“dat ben ik”

gezien bij VPRO Boeken: Wim Brands en Vonne van der Meer
Het smalle pad van de liefde (2013)

Het smalle pad van de liefde Hegel meende dat de ochtendkrant voor de moderne mens de plaats van het ochtendgebed heeft ingenomen. In het verlengde daarvan zou je kunnen zeggen dat de roman voor de eucharistie in de plaats is gekomen. Zeker als je kijkt naar het boekenprogramma VPRO Boeken dat op 1 september weer van start ging en iedere zondagmorgen tussen 11.20 en 11.50 wordt uitgezonden. Gisteren kwam Vonne van der Meer vertellen over haar nieuwste boek Het smalle pad van de liefde dat afgelopen week verscheen. Naast het verhaal over een buitenechtelijke liefde is het ook een bekeringsverhaal. Een moedig boek, zei Wim Brands, maar voegde er gelijk aan toe: “waarom moet ik dit eigenlijk moedig vinden? Het heeft te maken met de schroom voor het onderwerp.”

Vonne van der Meer vindt het christelijk geloof geen taboe. Want een taboe kun je doorbreken. Maar wanneer iets als achterlijk (of achterhaald) wordt beschouwd, dan is het not done. In combinatie met de spot van Maarten ‘t Hart of de ironie van Gerard Reve wordt het christelijk geloof in de hedendaagse literatuur nog wel getolereerd, maar een ondubbelzinnig bekeringsverhaal is voor de de meeste literatuurrecensenten iets om te negeren of om af te branden.
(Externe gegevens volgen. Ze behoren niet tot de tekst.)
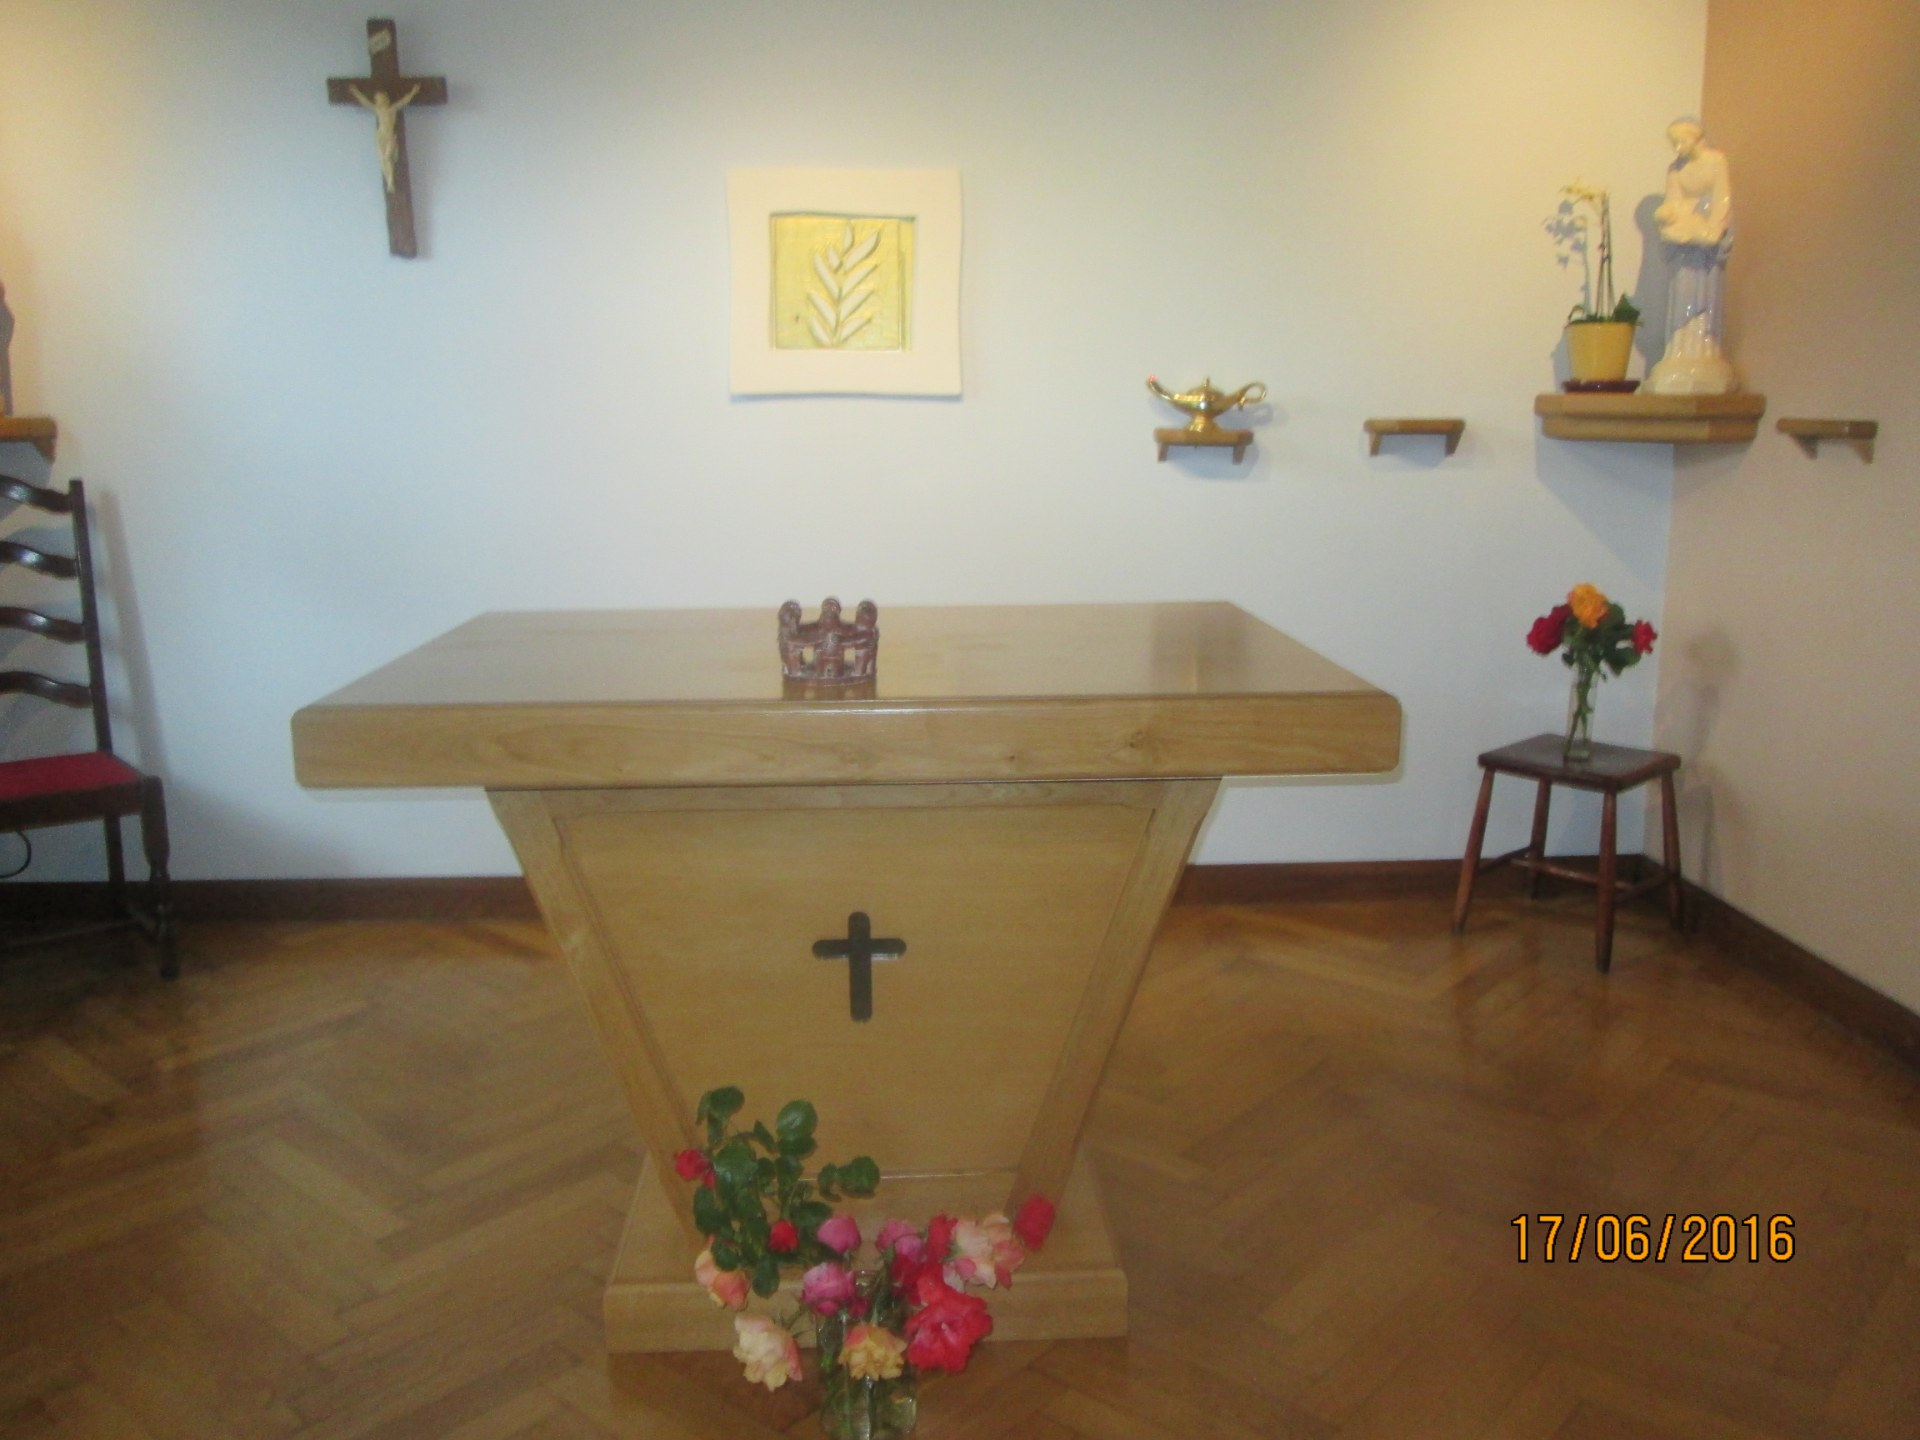 Le collège sainte ide en visite à la communauté cenacolo à hondeghem

Wim Brands toonde zich oprecht geïnteresseerd voor het boek en voor de bekering van Vonne van der Meer, twintig jaar geleden, al blunderde hij in het begin omdat hij dacht dat de schrijfster onlangs tot het licht was gekomen. In Het smalle pad van de liefde staan een paar gedichten, waaronder “op zekere leeftijd” van de Pools-Amerikaanse schrijver en dichter Czesław Miłosz (1911-2004). Brands las het voor:

Op zekere leeftijd
 
Wij wilden zonden bekennen en er was niemand aan wie.
De wolken wilden ze niet aanhoren, noch de wind
Die een voor een alle zeeën bezoekt.
Het lukte ons niet de dieren te interesseren.
De honden, ontgoocheld, wachtten op een bevel.
De kat, immoreel als altijd, viel in slaap.
Een persoon, ons schijnbaar genegen,
Was niet geneigd te luisteren naar wat vroeger gebeurd was.
Gesprekken met anderen, bij wodka of koffie,
Hoefden we niet te rekken na het eerste signaal van verveling.
Het zou vernederend geweest zijn een man met diploma
Per uur te betalen voor een luisterend oor.
Kerken. Misschien de kerken. Maar wat daar bekennen?
Dat wij onszelf ooit mooi en edel vonden,
Maar dat later, op deze plaats, een afzichtelijke pad
De dikke spleetogen opent
En men weet: „Dat ben ik„
 
Czesław Miłosz

Wanneer zelfkennis en religieus bewustzijn elkaar in een gezegende situatie mogen ontmoeten, groeit er bewustzijn van God. Want waar moeten we naartoe met onze zelfhaat? Wáár kunnen we onze zonden bekennen? Wie kunnen we onze zonden bekennen? Wie is er wit als sneeuw?

Bij Vonne van der Meer ontstond begin jaren negentig ook een soort religieuze nieuwsgierigheid. Ze bekeerde zich – na haar veertigste – tot het katholieke geloof. Sindsdien is religie bij de schrijfster een terugkerend thema. Vaak heel subtiel, zoals in Het smalle pad van de liefde. Terwijl er in de hedendaagse literatuur nog weinig over religie wordt geschreven, heeft het Van der Meer een gebied gebracht waarover ze kan schrijven – zonder dat het een evangelisch traktaat wordt.
 
Bron: boeken.vpro.nl

Evelien de Nooijer las Het smalle pad van de liefde onmiddellijk na het verschijnen en besprak het afgelopen donderdag op haar boekenblog Over boeken enzo.